# SOURCE MATERIAL:
-- Opening Marker --

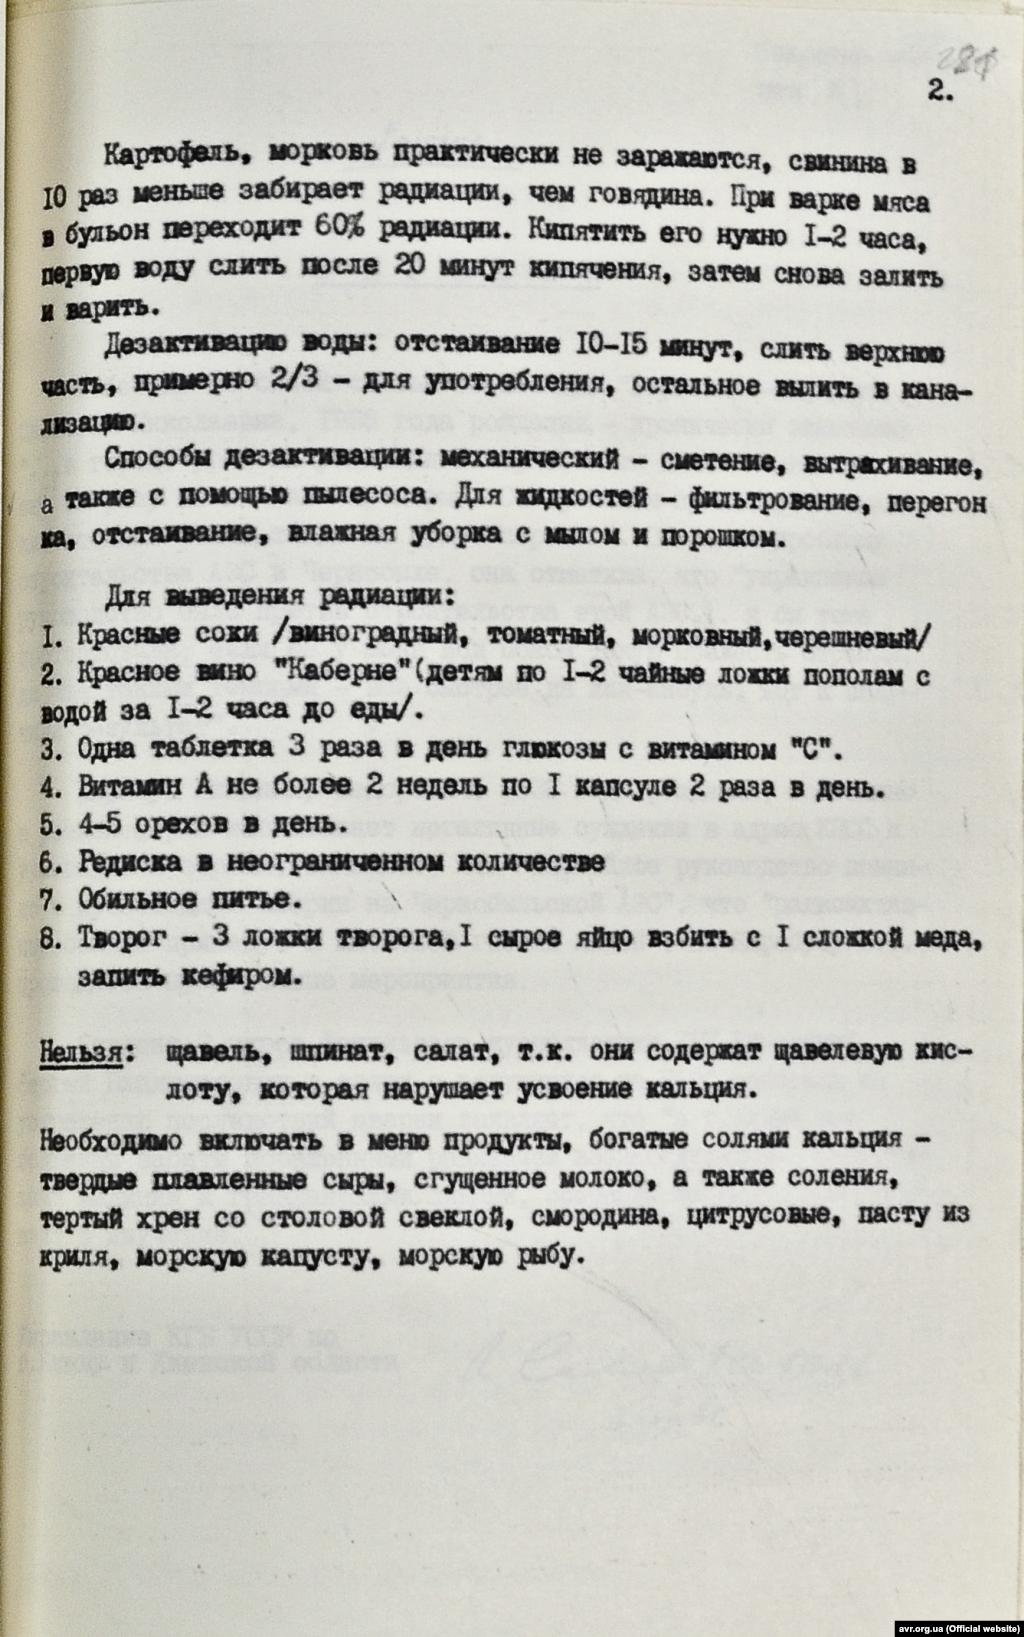 Рекомендації та деякі свідчення в обставинах підвищеної радіації (стор. 2)
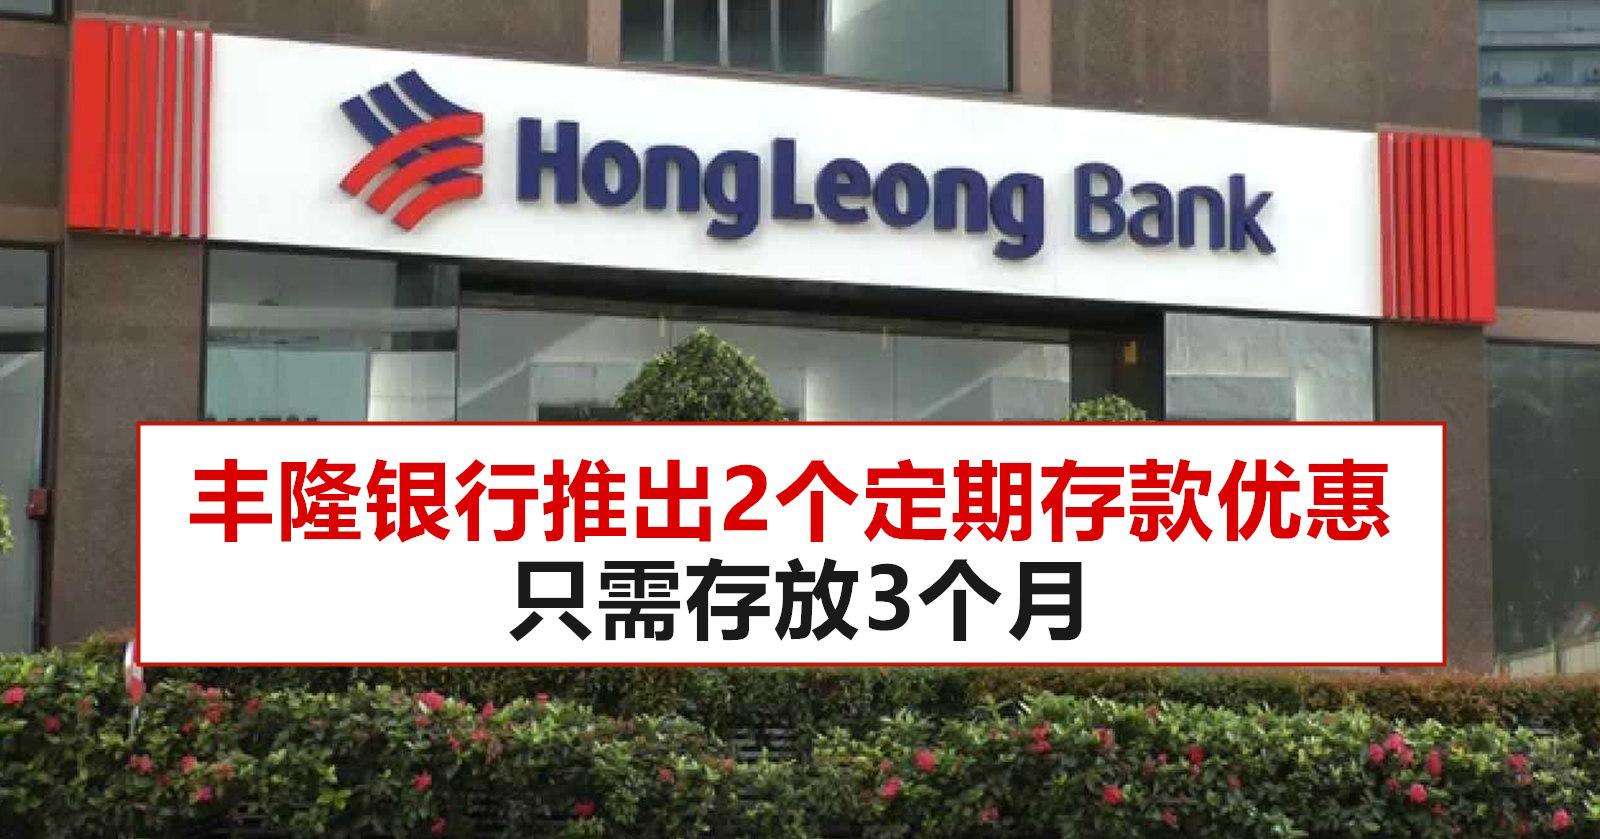 7月份Hong Leong Bank定期存款优惠
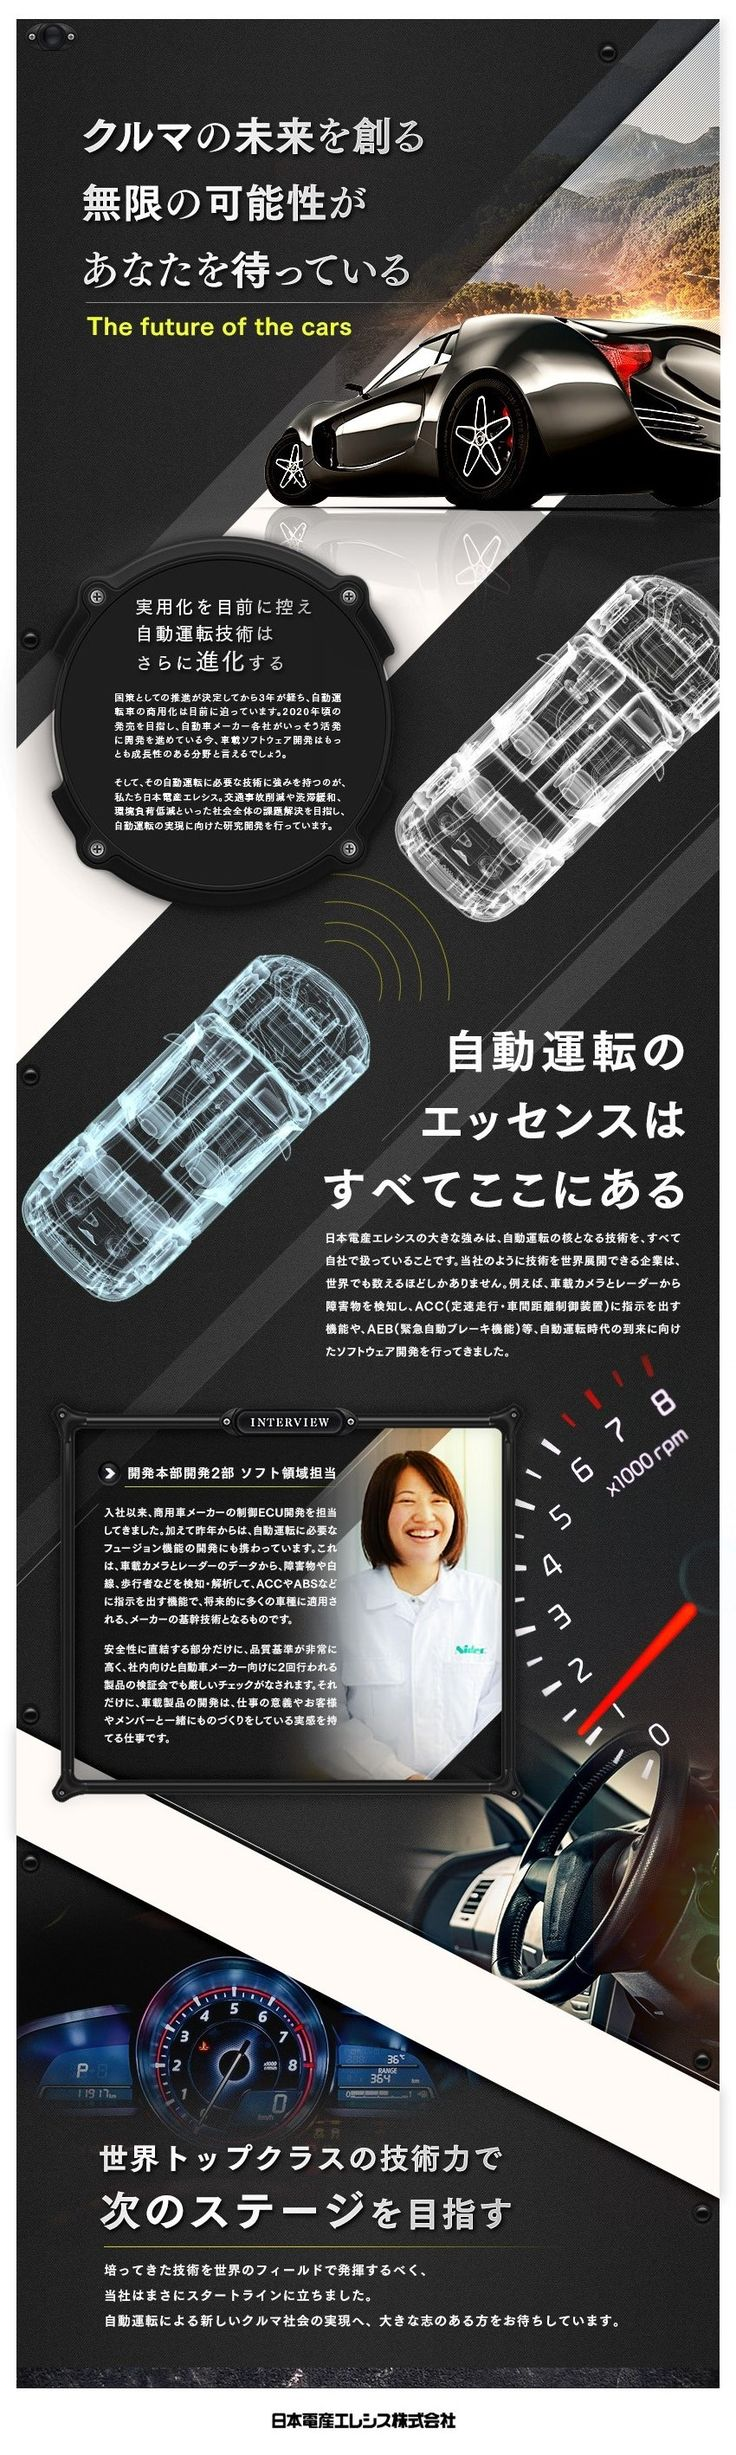 日本電産エレシス株式会社/ソフトウェア開発・制御設計/研究開発型企業で、自動運転に関する車載システムを自ら設計の求人PR - 転職ならDODA(デューダ)

-- Closing Marker --

# WHAT IS BEING ASKED:
Every line between the one containing "7月份Hong Leong Bank定期存款优惠" and the end of the listing, both included, needs to be retyped exactly, minus the pictures.

# SOLUTION TO THE PROBLEM:
 7月份Hong Leong Bank定期存款优惠
 日本電産エレシス株式会社/ソフトウェア開発・制御設計/研究開発型企業で、自動運転に関する車載システムを自ら設計の求人PR - 転職ならDODA(デューダ)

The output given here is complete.